Stanko
Stephen Stanko

Did a South Carolina firing squad deliberately try to miss a man's heart during an execution last month to prolong his death?

That's what attorneys for Stephen Stanko, the next prisoner slated to die, contend. Stanko originally selected firing squad for his execution method, but then switched to lethal injection following the firing squad execution of Mikal Mahdi last month, the Associated Press reported.

In court papers quoted by the AP, an expert for Stanko, 57, suggested that the firing squad either aimed below the target or that the target was not placed on Mahdi's heart to "cause great pain before his death."

Mahdi's attorneys filed a complaint in May, arguing that his execution was botched, WIS-10 reported. Mahdi was executed for the 2004 killing of James Myers, an Orangeburg Public Safety officer.

Mahdi's attorneys hired Dr. Johnathan L. Arden to do an examination and Arden stated that the firing squad largely missed Mahdi's heart. Further, Arden asserted that Mahdi had some circulation and likely was conscious for 30 to 60 seconds after being shot, the station reported.

"The autopsy confirms what I saw and heard," said Mahdi's attorney, David Weiss, in a statement to WIS-10. "Mikal suffered an excruciating death. We don't know what went wrong, but nothing about his execution was humane. The implications are horrifying for anyone facing the same choice as Mikal. South Carolina's refusal to acknowledge their failures with executions cannot continue."

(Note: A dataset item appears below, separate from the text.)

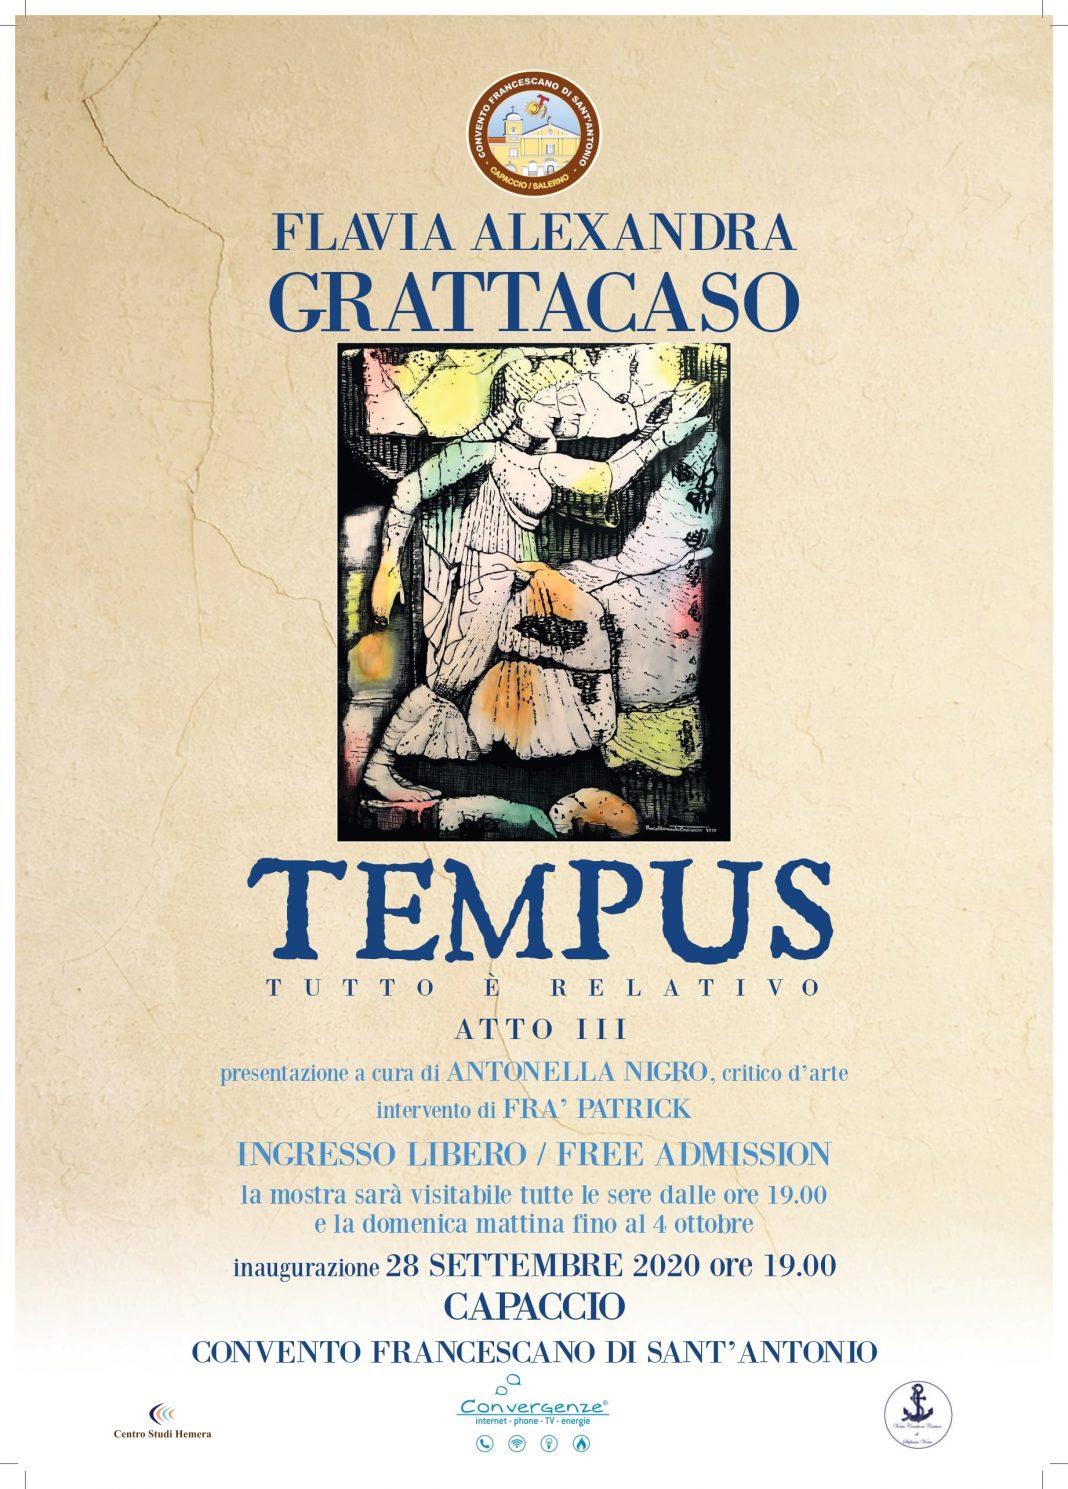 Flavia Alexandra Grattacaso – Tempus: Tutto è Relativo, Atto IIIhttps://www.exibart.com/repository/media/formidable/11/TEMPUS-Atto-III-min-1-1068x1489.jpg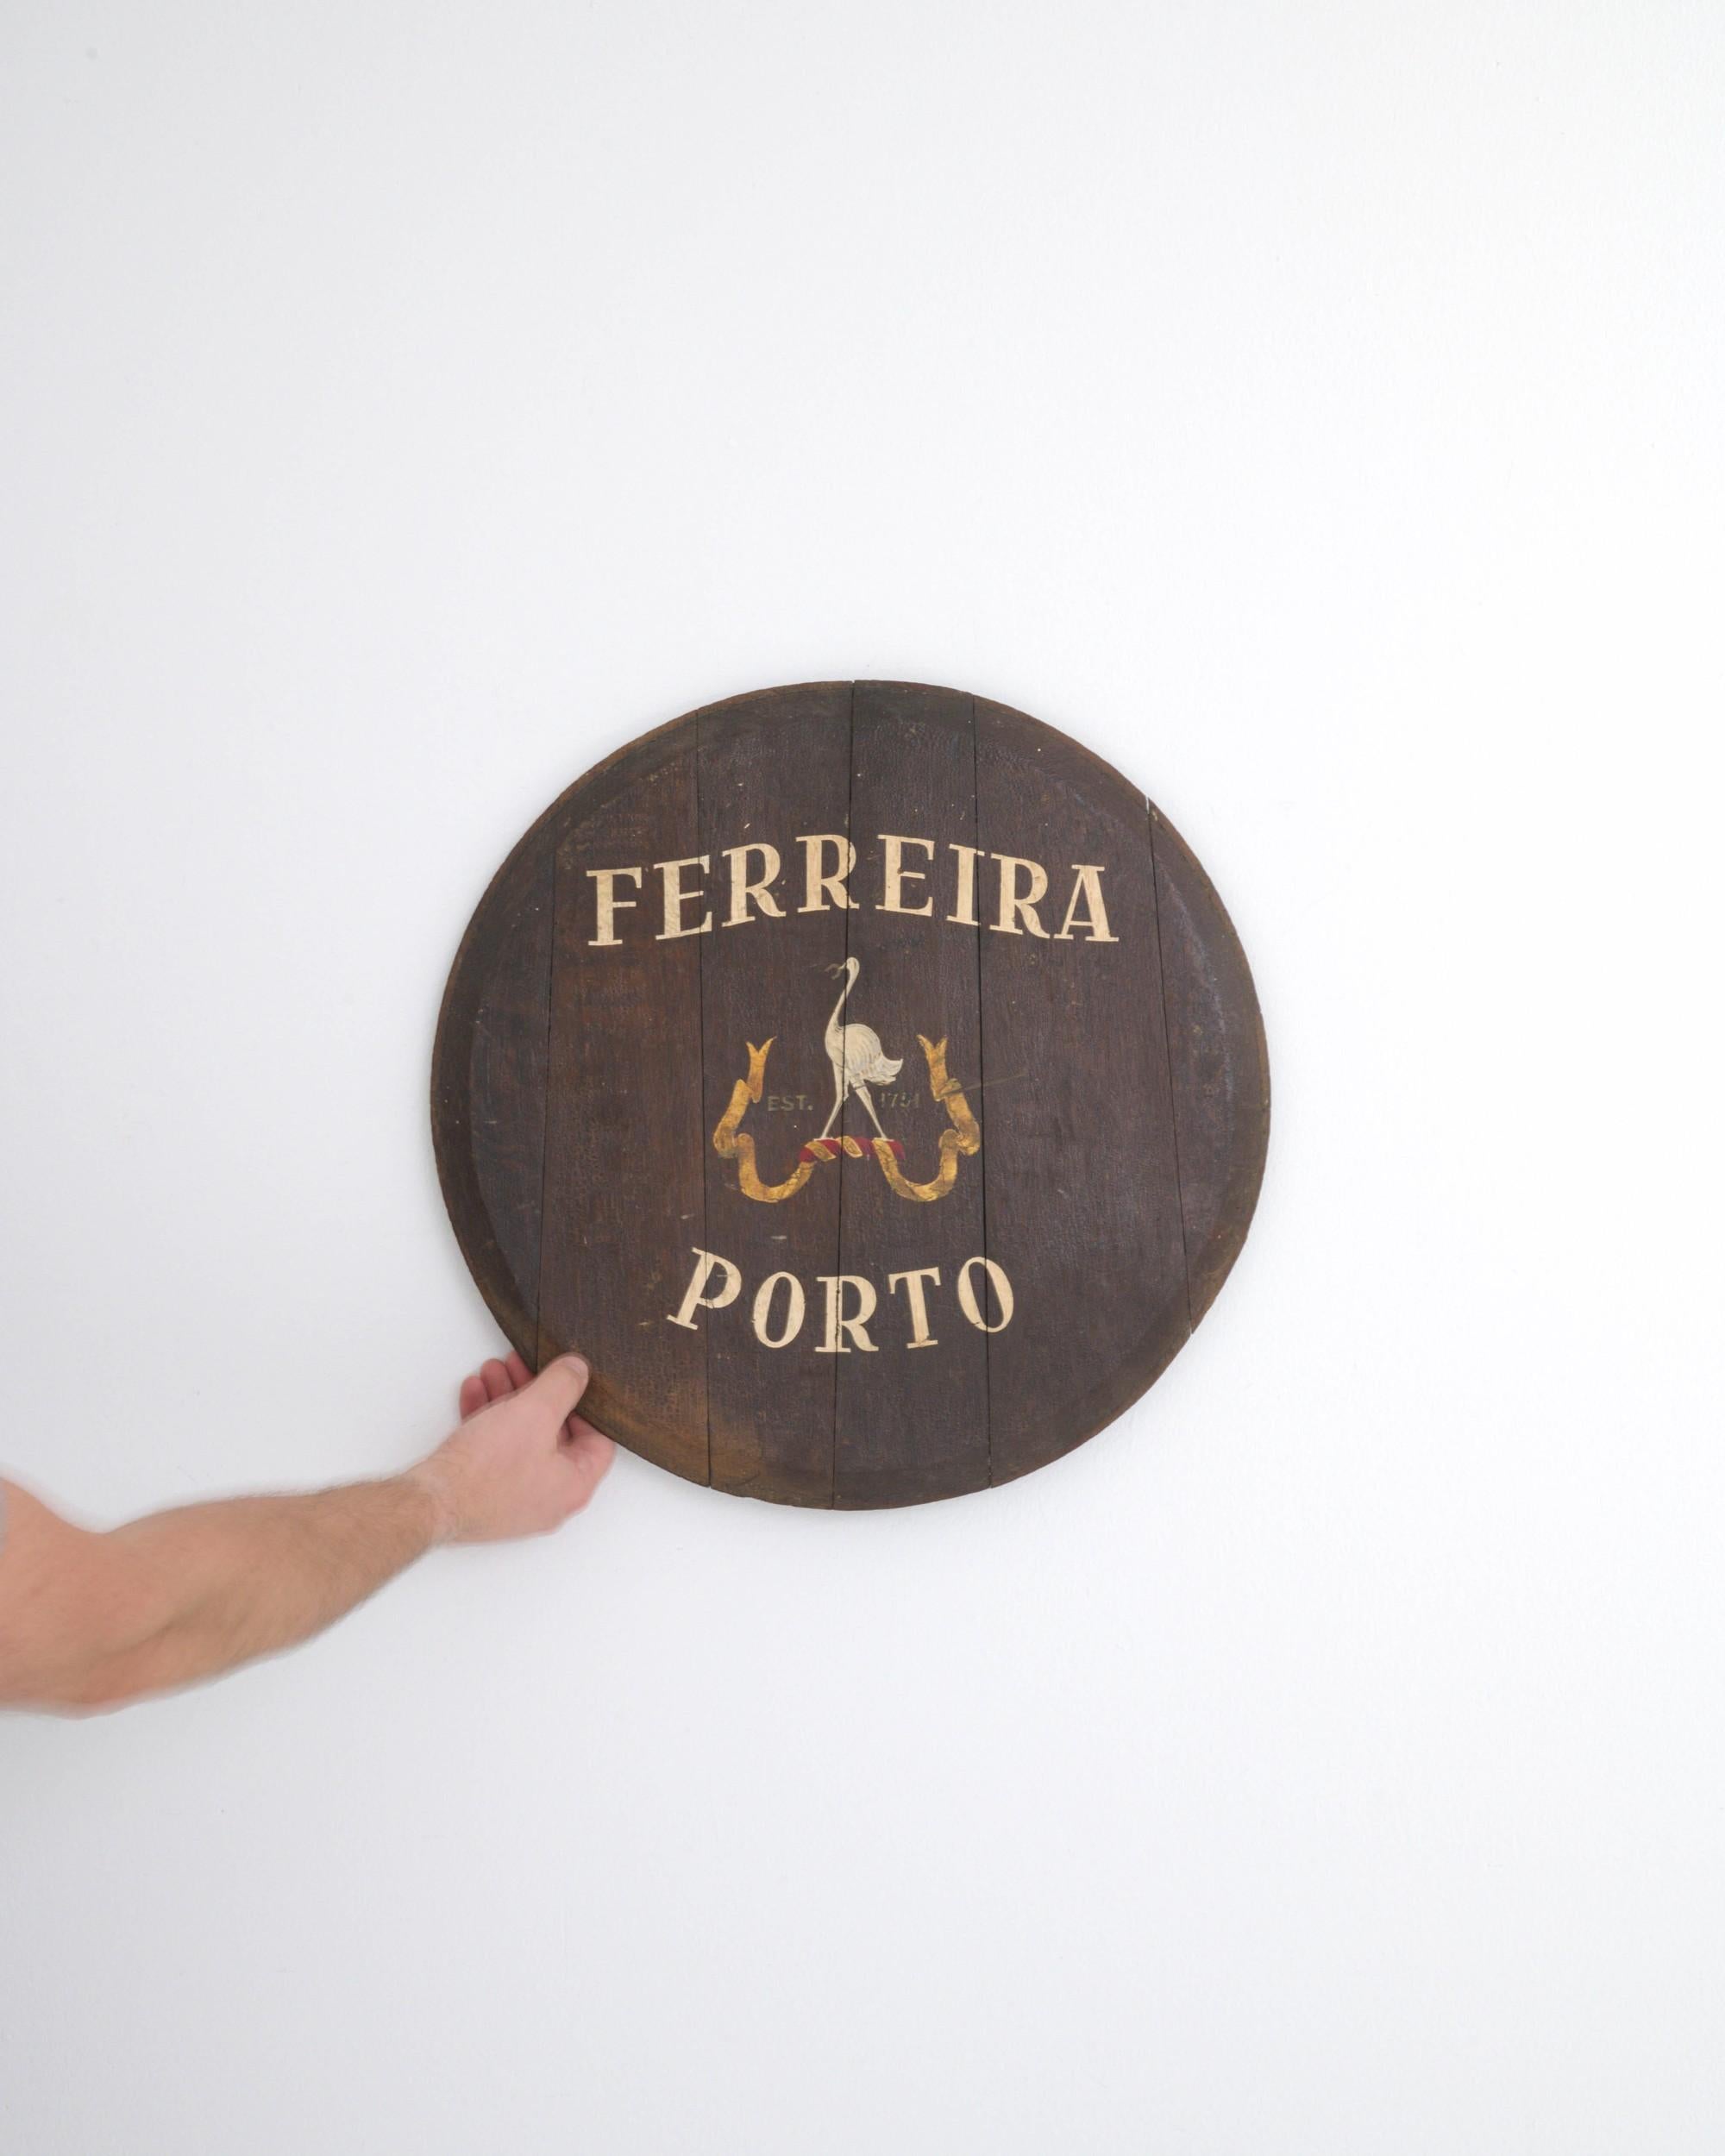 Diese authentische Wanddekoration aus Holz, ein Fassdeckel, stammt aus dem 20. Jahrhundert und ist eine Vintage-Rarität aus Portugal. Es zeigt einen gemalten Reiher mit einem Hufeisen im Schnabel auf einem gelb-roten Band, das die Jahreszahl 1751

Although Stanko switched his choice to lethal injection, his attorneys are also challenging that method, saying previous executions left prisoners feeling like they were drowning, according to the AP. The attorneys have asked that Stanko's execution be delayed. Stanko is set to die in two days for the murder of his friend, 74-year-old Henry Turner in 2006.

The Post and Courier reported that Stanko also also murdered his girlfriend, 43-year-old Laura Ling, and sexually assaulted her daughter in a 2005 crime spree in the Myrtle Beach area.

"So (perhaps) it's not the method that's the issue — instead, these inmates just don't want to have their sentences carried out and are willing to make any argument that they can," wrote Grayson Lambert, a lawyer for South Carolina Gov. Henry McMaster, the AP reported.

Also, South Carolina has challenged any assertion that anything went wrong with Mahdi's execution.

"How bullets react once they strike the body is something that neither SCDC nor the members of the firing squad can control. That one condemned inmate dies more quickly than another does not necessarily mean that something went awry in one execution," the state said according to the AP.